There is a line containing "Sector Seven Spectrum" in the records below. Repeat it and every line after it, exactly, through the final line, but no pictures.
INPUT FOR THIS TASK Start Marker
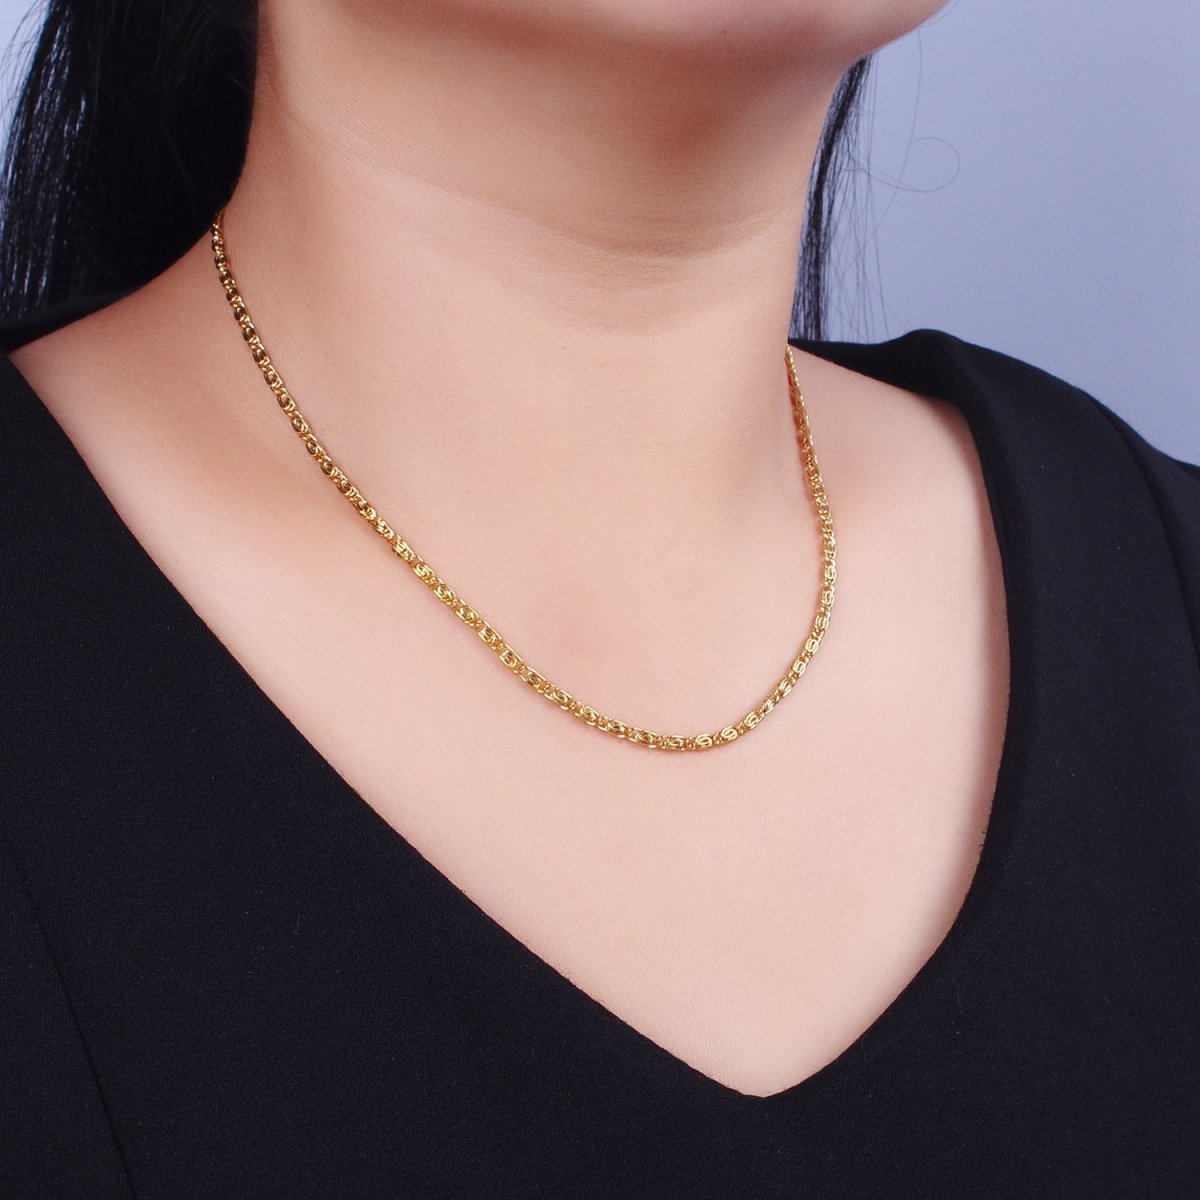 24k Gold Filled 2.6mm Gold & Silver Scroll Chain in 16, 18, 20 Inch Length Necklace | WA-1482 to WA-1489 Clearance Pricing - DLUXCA
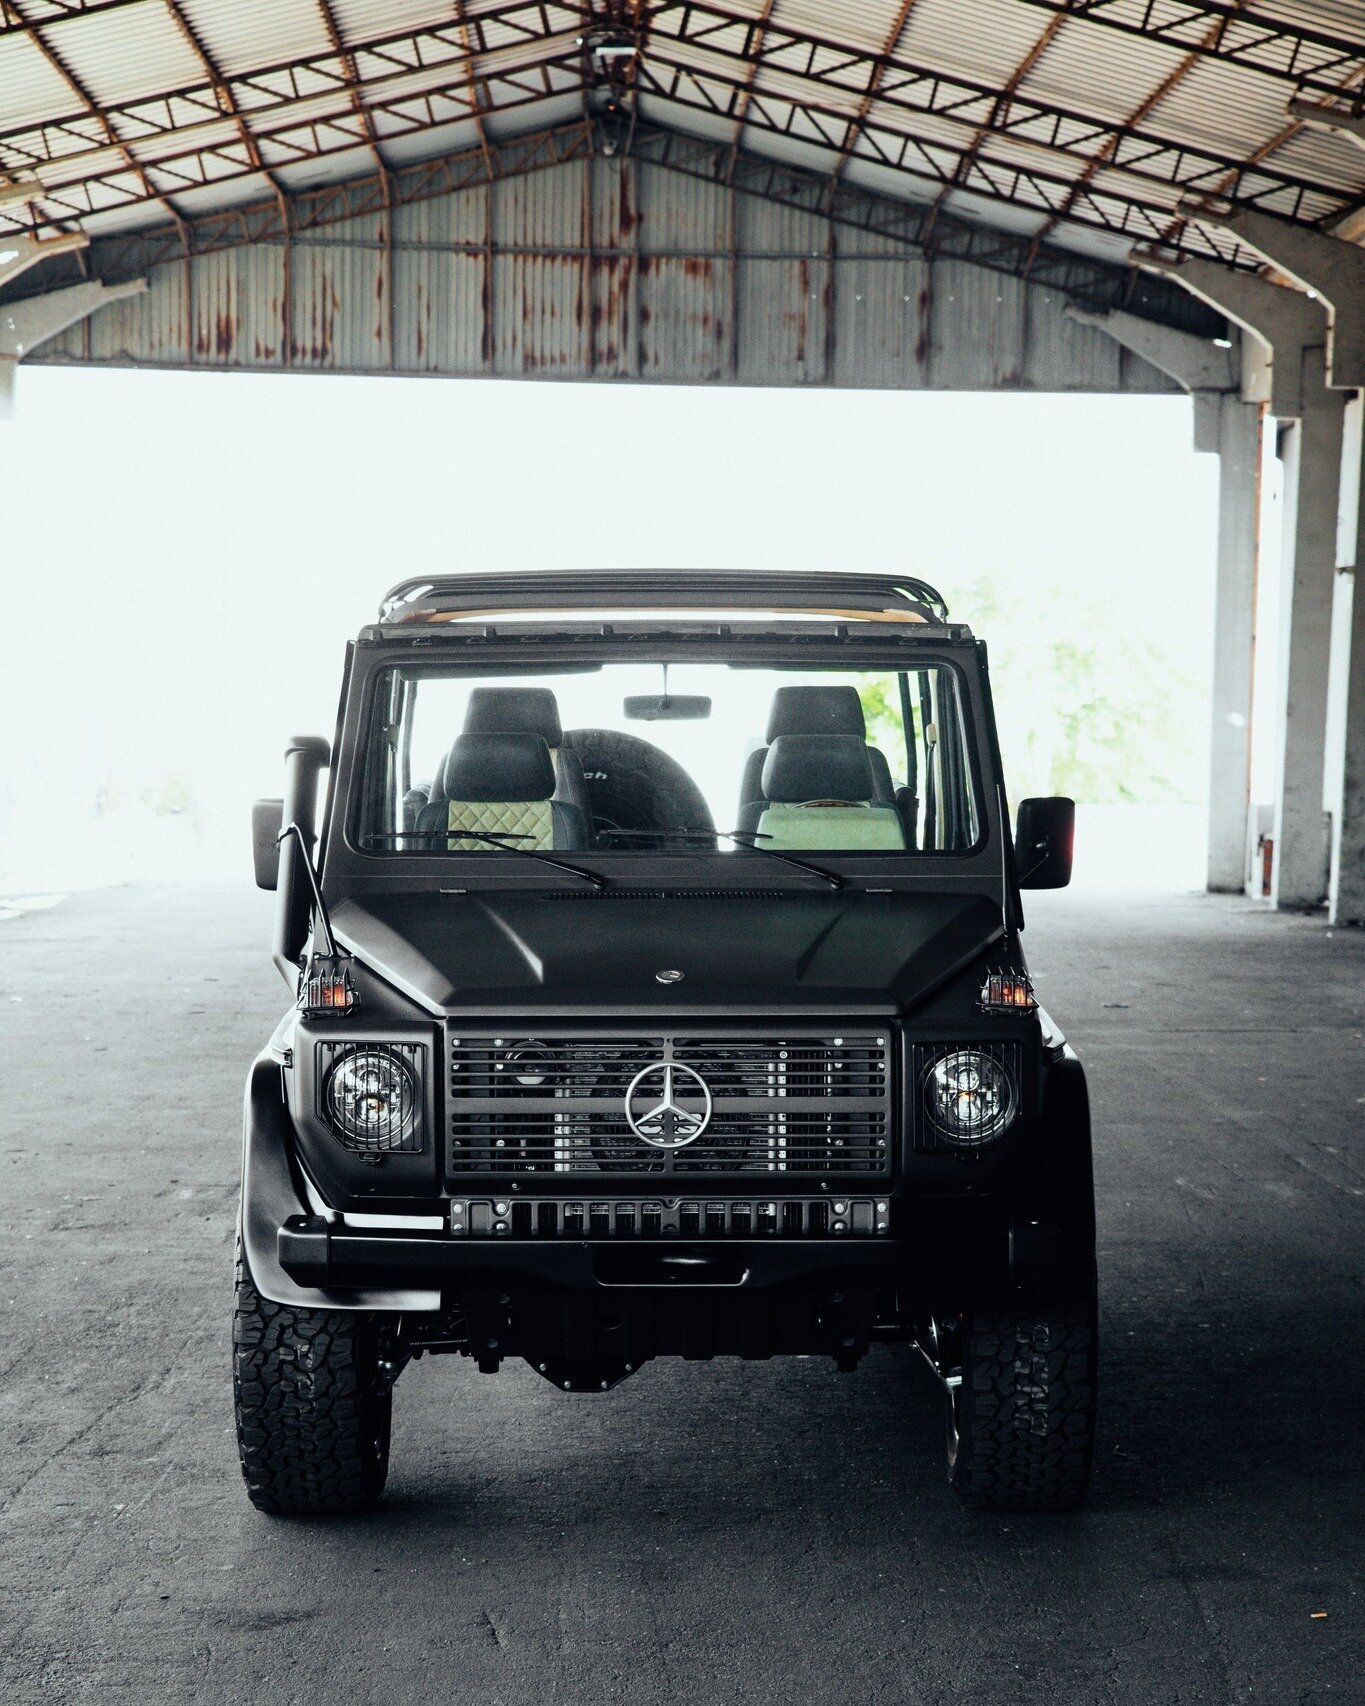 Our restored 1993 Mercedes-Benz GE230 is your ticket to a life of luxury. Get ready to elevate your lifestyle.

#mercedes #gwagon #ge230 #mercedesbenz #truck #bespoke  #matte #custom #restoration #handcrafted #classiccar #luxurylifestyle #urban #vint
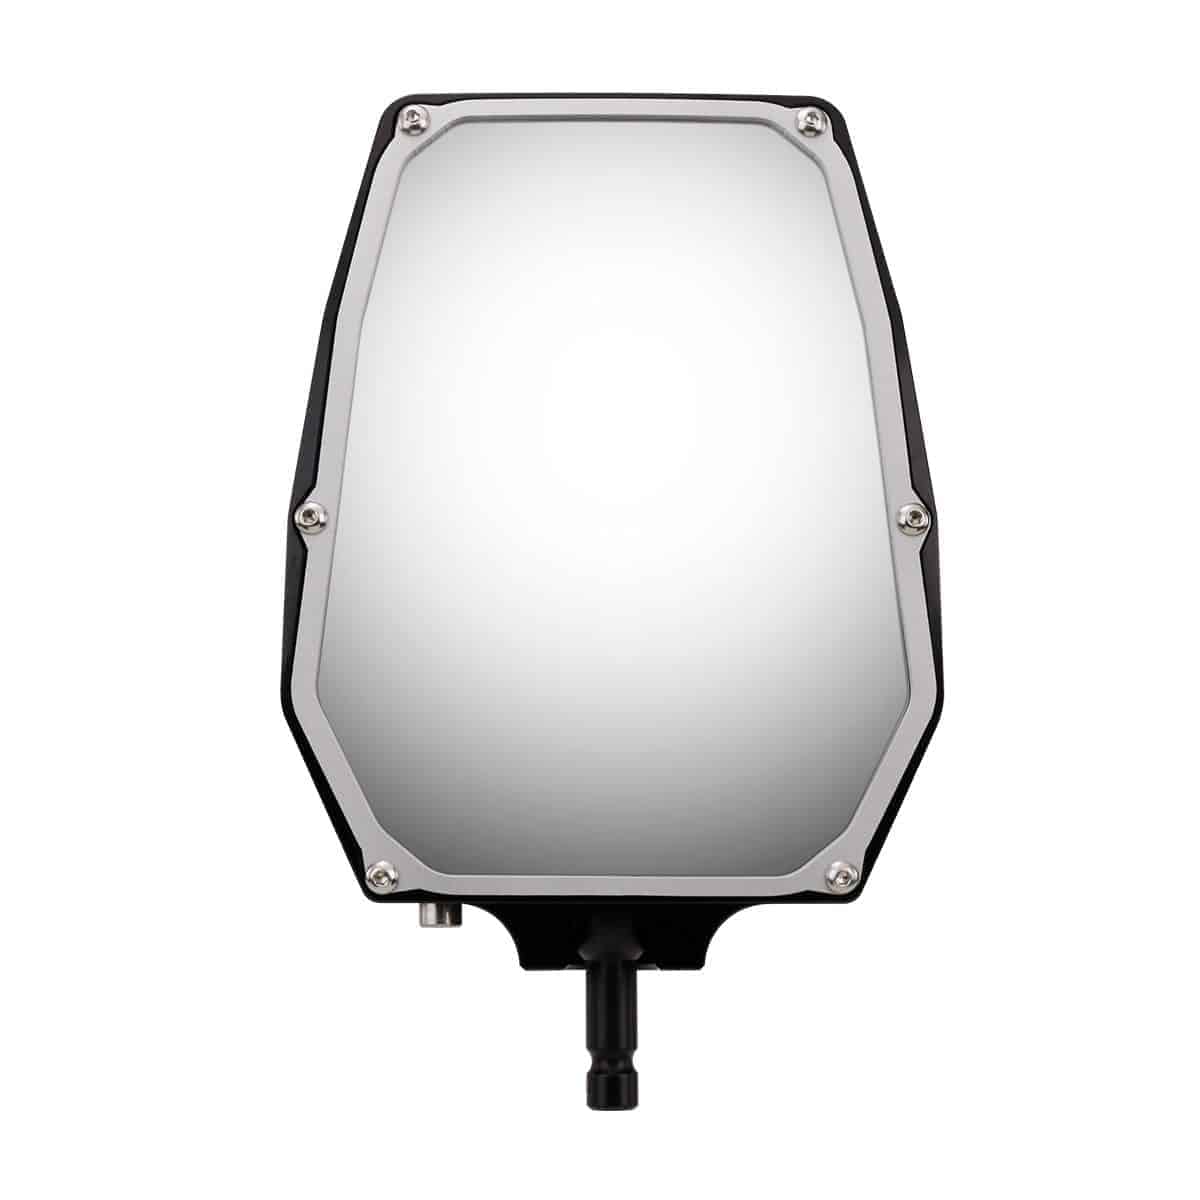 Sector Seven Spectrum Mirrors with 1/2" Spud
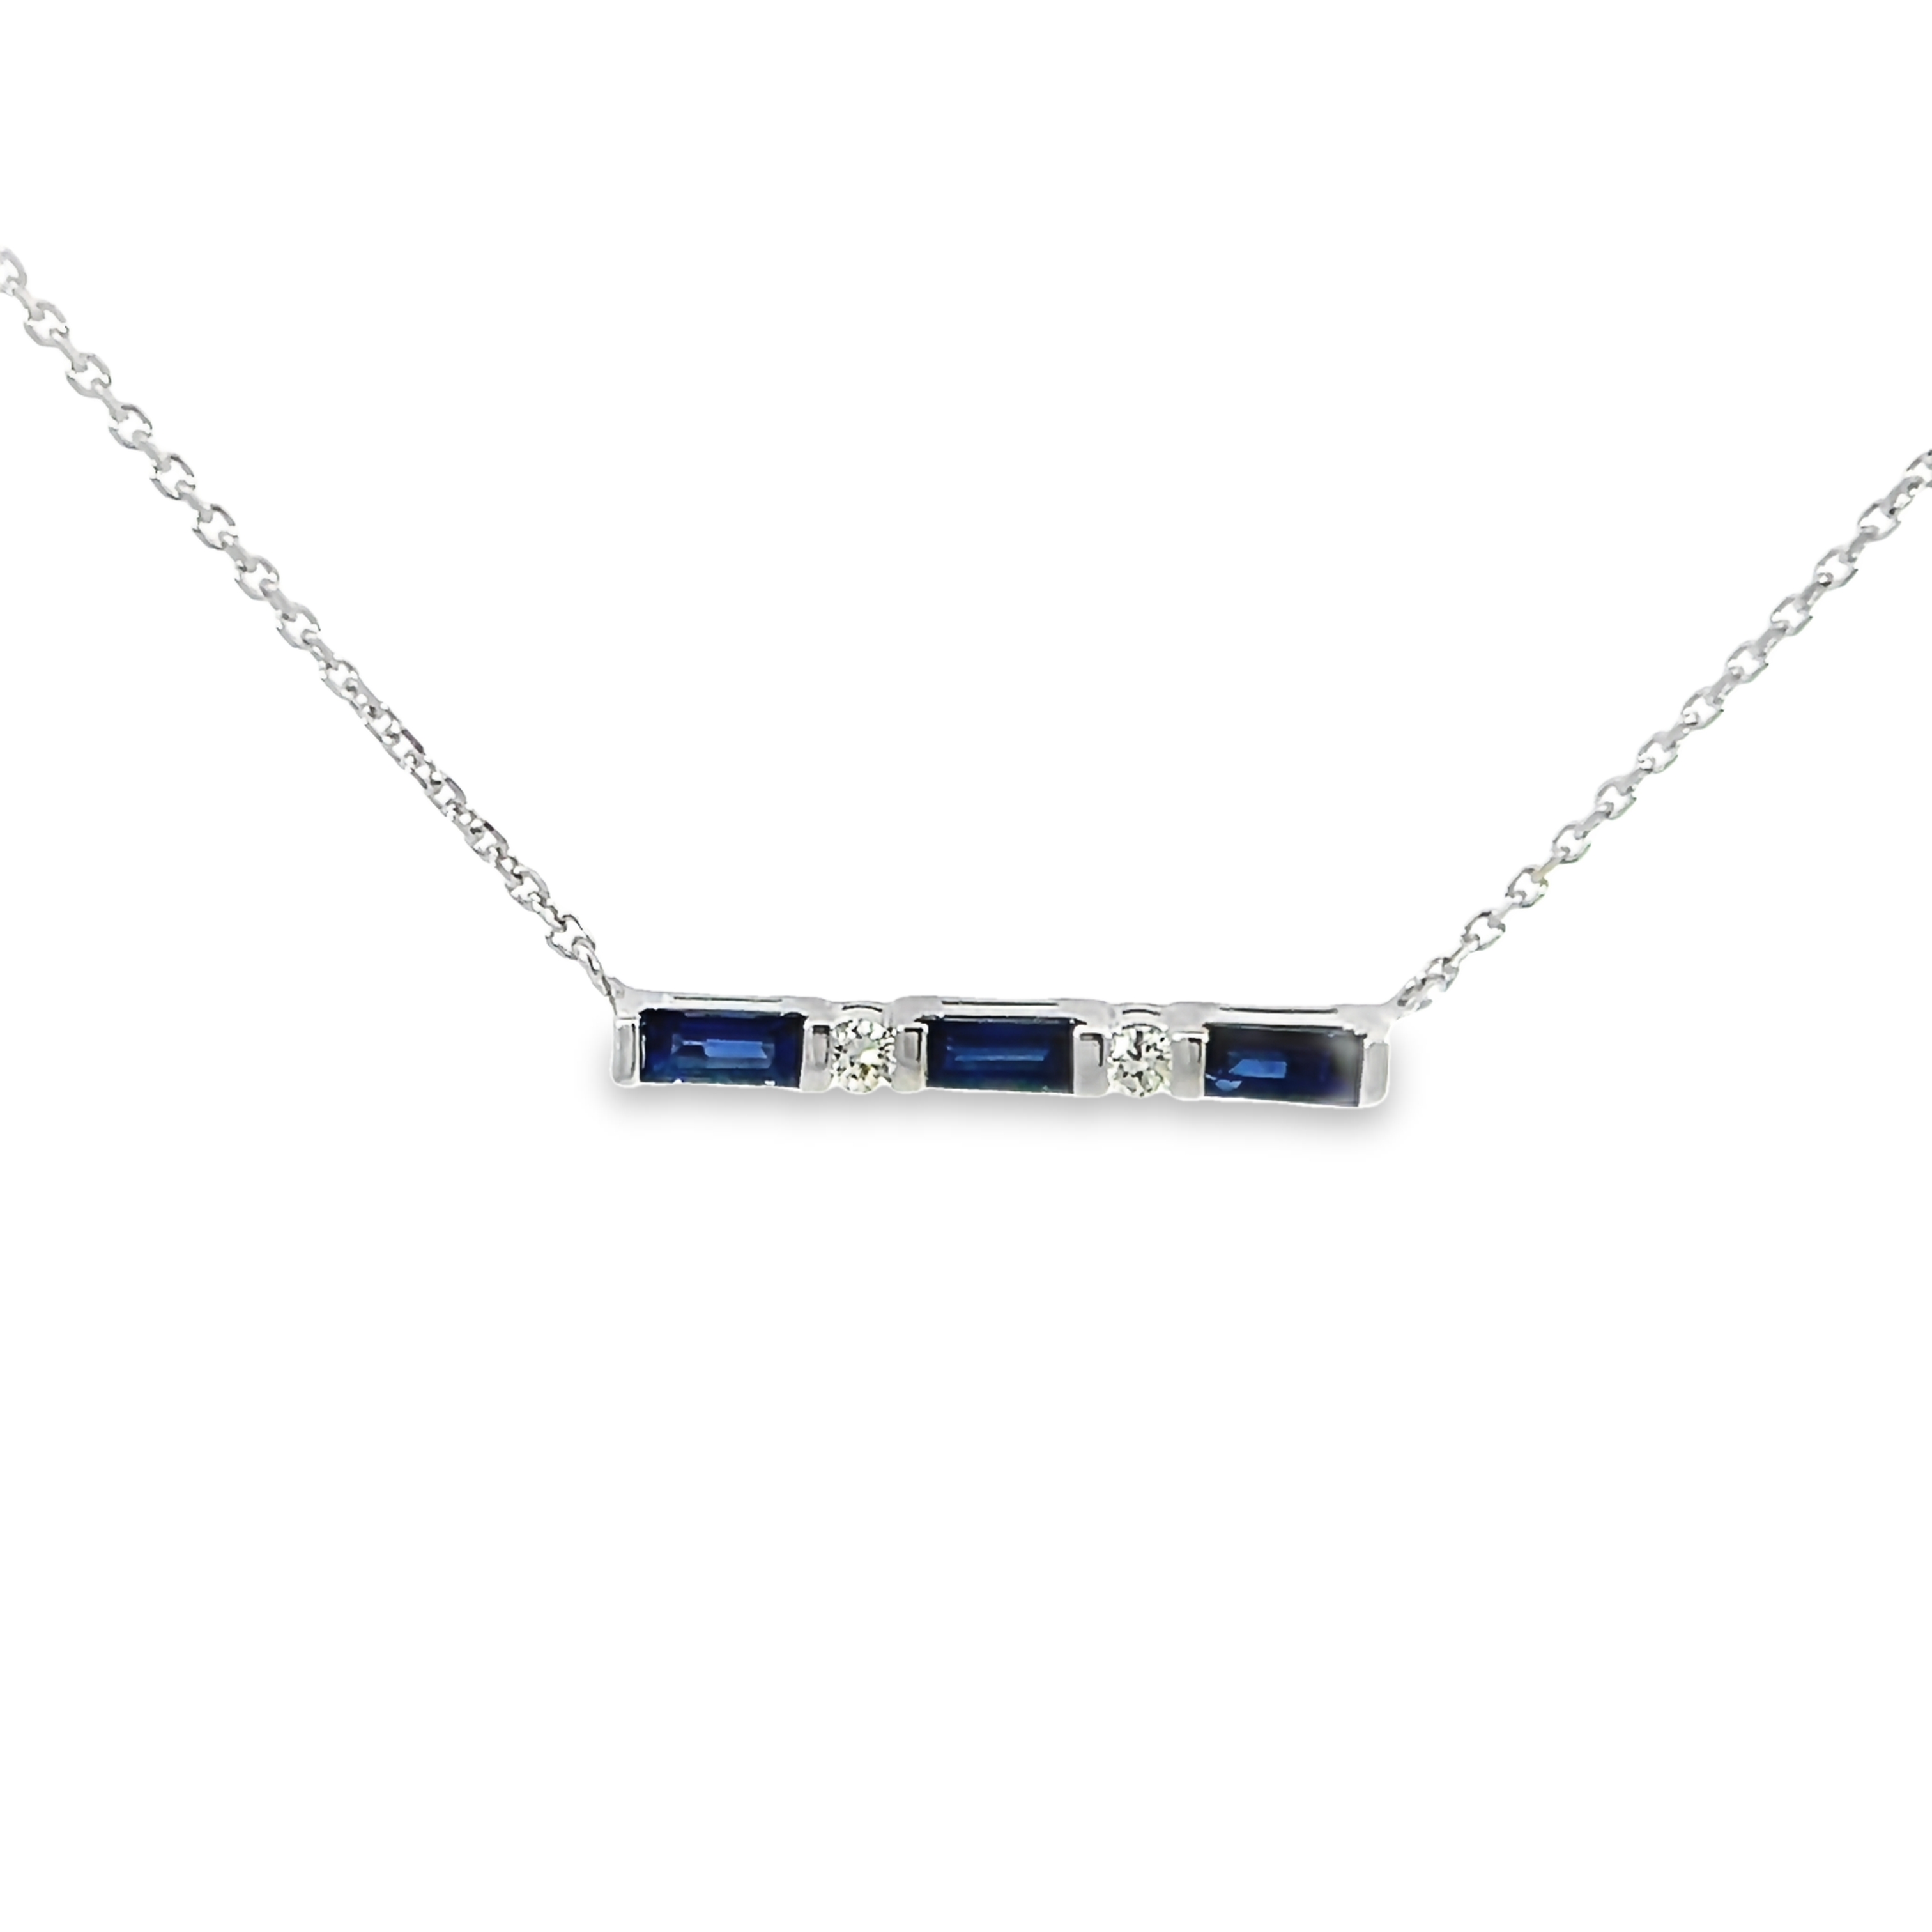 14k White Gold Sapphire And Diamond Bar Necklace
INPUT FOR THIS TASK End Marker
:: TASK RESULT ::
 Sector Seven Spectrum Mirrors with 1/2" Spud
 14k White Gold Sapphire And Diamond Bar Necklace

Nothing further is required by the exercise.